Stop Worrying About Being Too Big

For athletes, big muscles are never the problem. Excess body fat is.

Fat Is Slow

An exercise physiology professor of mine once conducted a study on the sports teams of the school.

He did several tests on hockey and track & field athletes, both anthropometric - limb length, height, body weight, body mass index, body fat percentage - and physical performance tests such as vertical jump, 40 yard sprint, wingate, Max VO2, etc.

He then conducted an analysis to find which anthropometric variables had the strongest correlation with performance and which tests correlated together.

The result that stuck in my mind was the lack of correlation (positive or negative) between body weight and speed and power. And the strongest correlations with sprinting speed? Body fat percentage and lean body mass. In fact, body fat had a correlation to speed just as strong as the vertical jump.

What does that mean?

It means that if you’re an athlete, you should stop worrying about becoming slow because of building “too much” muscle. You’ll only become slower if you get fatter.

As Big As Possible, As Lean Possible

As an athlete, you should shoot for being as muscular and lean as possible, within the realm of safety and health of course.

Athletes who talk about becoming slower when they gain mass are those who add too much fat in the process. Fat makes you slow; muscle makes you more powerful and, ultimately, faster.

The thing is, people underestimate how much fat they gain when they decide to bulk up. You know my view on the topic: I do not think it’s acceptable to gain fat just to build muscle, especially not if you’re an athlete needing speed.

Sure, you might gain a few pounds in the process, but when that happens you should take a few weeks to get rid of the fat prior to your season/competition period.

Fat is just dead weight you have to carry around. Wear a vest as light as 10 pounds and you’ll see a significant difference in your 40 yard sprint time. If you gain 10 pounds of fat it will have a similar effect.

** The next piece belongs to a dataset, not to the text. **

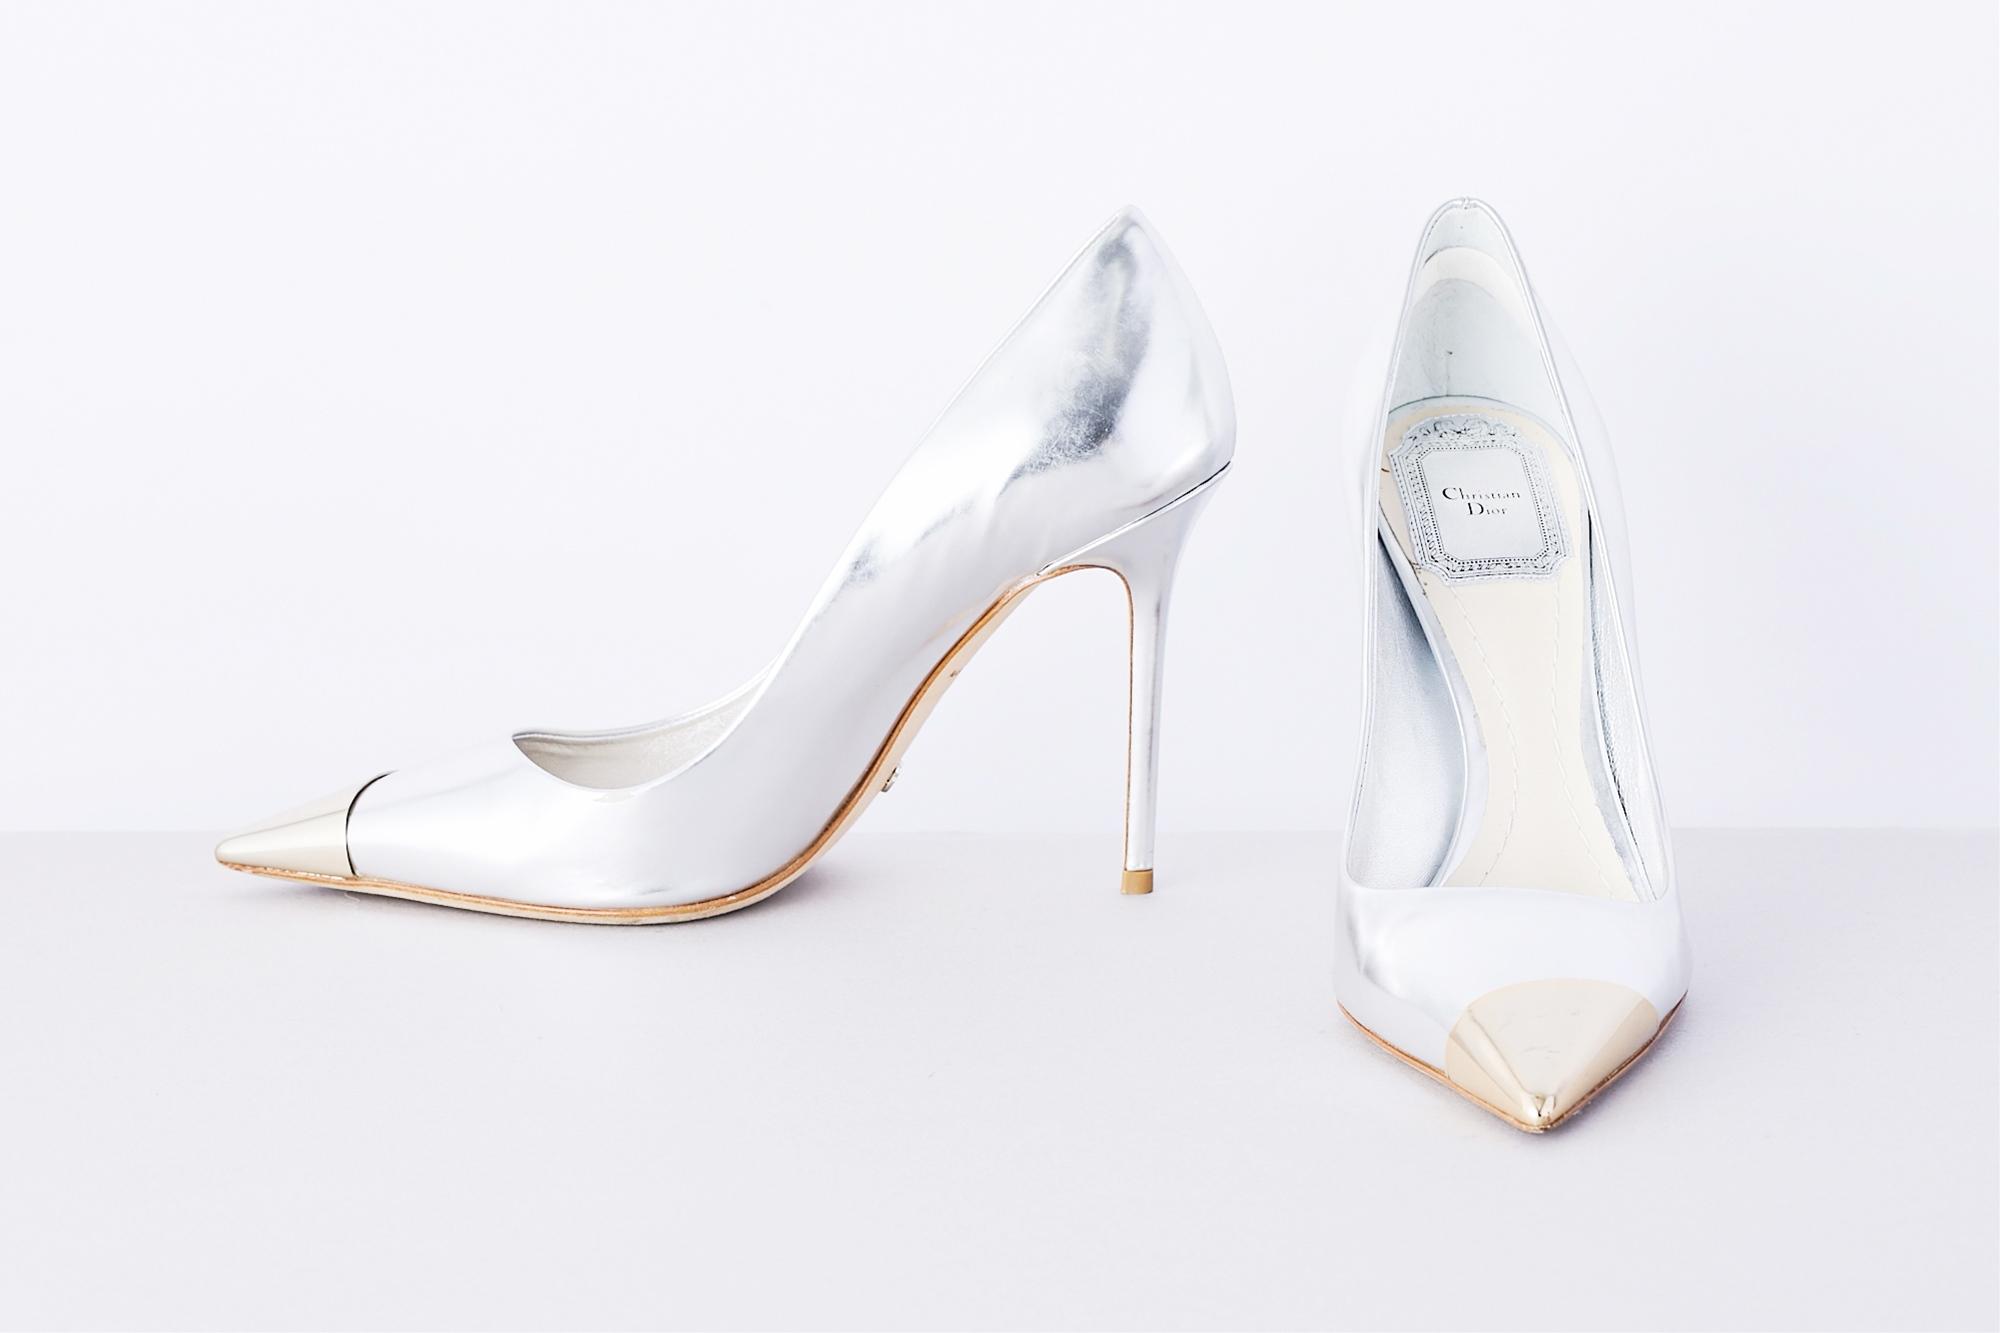 SH505718 Christian Dior 36.5

Fat also increases intramuscular friction - when you gain fat, you also add fat inside the muscle - which makes for a slower speed of contraction.

The Crossfit Conundrum

In more traditional sports, athletes are less and less afraid of losing speed by adding muscle. But I still see that fear among CrossFitters.

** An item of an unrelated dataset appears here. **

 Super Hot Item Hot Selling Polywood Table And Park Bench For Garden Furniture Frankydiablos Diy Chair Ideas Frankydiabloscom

Competitive CrossFit athletes are afraid of adding muscle. They worry that their body weight skills will be affected. Yet the same people marvel at the muscle mass of guys like Jason Khalipa and Neil Maddox.

Understand one thing: muscle moves weight. Yes, technique is important. Neural efficiency too. But ultimately it’s the muscle you have that moves the weight. And there’s only so much strength you can gain while staying at the same level of muscle mass.

With the ever-increasing emphasis on strength in CrossFit competitions and the bigger bars being hoisted by competitors (300 pound snatches, 400 pound cleans, 600 pound deadlifts, 315 pound push presses, etc.) athletes will need to increase their muscle mass.

The good thing is that it doesn’t take that much added muscle to make a huge difference.

Adding 10 pounds of muscle to an already solid body will increase performance significantly without affecting body weight skills too much. And if adding 10-15 pounds of muscle comes with a 5-7 pound decrease in fat, body weight skills are likely to improve too, despite a higher body weight.

Remember, muscle moves weight, and during body weight skills your body is the weight.

The Moral of the Story

All athletes requiring strength and speed should do the right things to add more muscle and get leaner or stay lean.

No need to drop down to 5% body fat; that’s actually counterproductive. But a serious competitive athlete has no reason to be above 8-10% body fat. Period.